The Indianapolis Star daily newspaper said Lance Hamner, a new trial court judge assigned to the court case, dismissed it, citing two trial court rules but without any other explanation.
“The decision itself offers no reason, no rationale, no basis. We have no way to know how the judge got to the decision,” Kathleen DeLaney, the attorney representing Payne-Elliott, told the newspaper. She also said the teacher is considering appealing the decision.
In 2019, the U.S. Department of Justice filed a “statement of interest” in the lawsuit brought against the Archdiocese of Indianapolis by Payne-Elliott. It urged the Indiana court to stay out “of deciding what it means to be Catholic.”
“The First Amendment demands that this lawsuit be dismissed,” it added.
Two years ago, officials at Cathedral High School, which is affiliated with but not sponsored by the Holy Cross Brothers, explained in a letter to the school community that they had made the “agonizing decision” to follow the direct guidance they had been given by Indianapolis Archbishop Charles C. Thompson and “separate from the teacher” after 22 months of “earnest discussion and extensive dialogue with the Archdiocese of Indianapolis about Cathedral’s continued Catholic identity.”
School officials said they made this decision “in order to remain a Catholic Holy Cross School.”
The letter, signed by the high school’s president and chairman of the board of directors, said if they had not made this decision, Archbishop Thompson had “made it clear that Cathedral’s continued employment of a teacher in a public, same-sex marriage would result in our forfeiting our Catholic identity due to our employment of an individual living in contradiction to Catholic teaching on marriage.”
Days before Cathedral High School fired Payne-Elliott, Archbishop Thompson took away the Catholic status of Brebeuf Jesuit Preparatory School in Indianapolis when the school refused to dismiss a gay employee in a same-sex marriage, Layton Payne-Elliott, the spouse of Joshua Payne-Elliott.

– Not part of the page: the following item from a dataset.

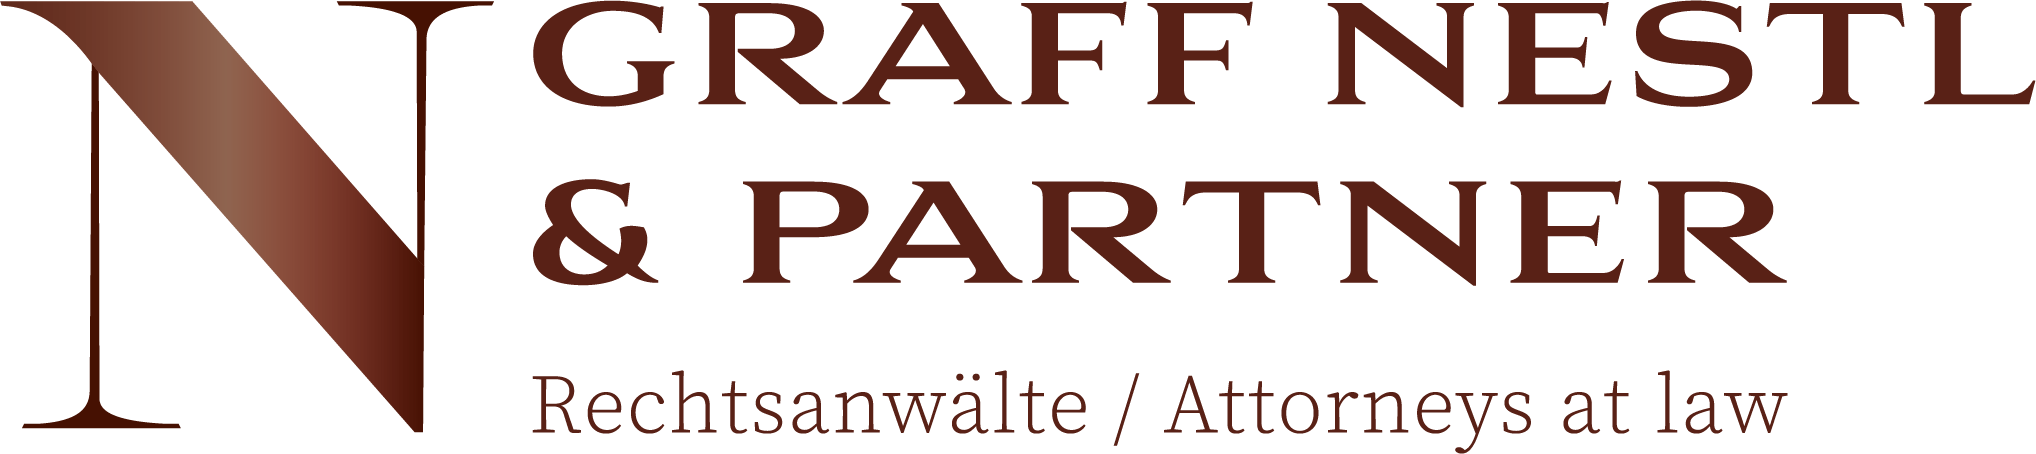 Graff Nestl & Partner | Rechtsanwälte

In a news conference after the two decisions were announced, Archbishop Thompson said the issue involving the two schools came down to the Catholic Church’s teaching on marriage.
While stressing that “one’s (sexual) orientation is not a sin,” the archbishop said the issue involving the two schools “is about public witness of Church teaching on the dignity of marriage as (between) one man and one woman. That is our Church teaching.”
“In this particular case we’re dealing with, those are ministers in our Church. Teachers, guidance counselors, other leaders, leaders of the schools and other leaders in the archdiocese are bound to live out these principles,” he said.
In 2019, the Midwest province of the Society of Jesus, which administers Brebeuf, appealed the decree taking away the school’s Catholic status to the Vatican Congregation for Catholic Education. In late September of that year, the congregation announced it was temporarily lifting the decree until it makes a final decision. A final decision has not yet been announced.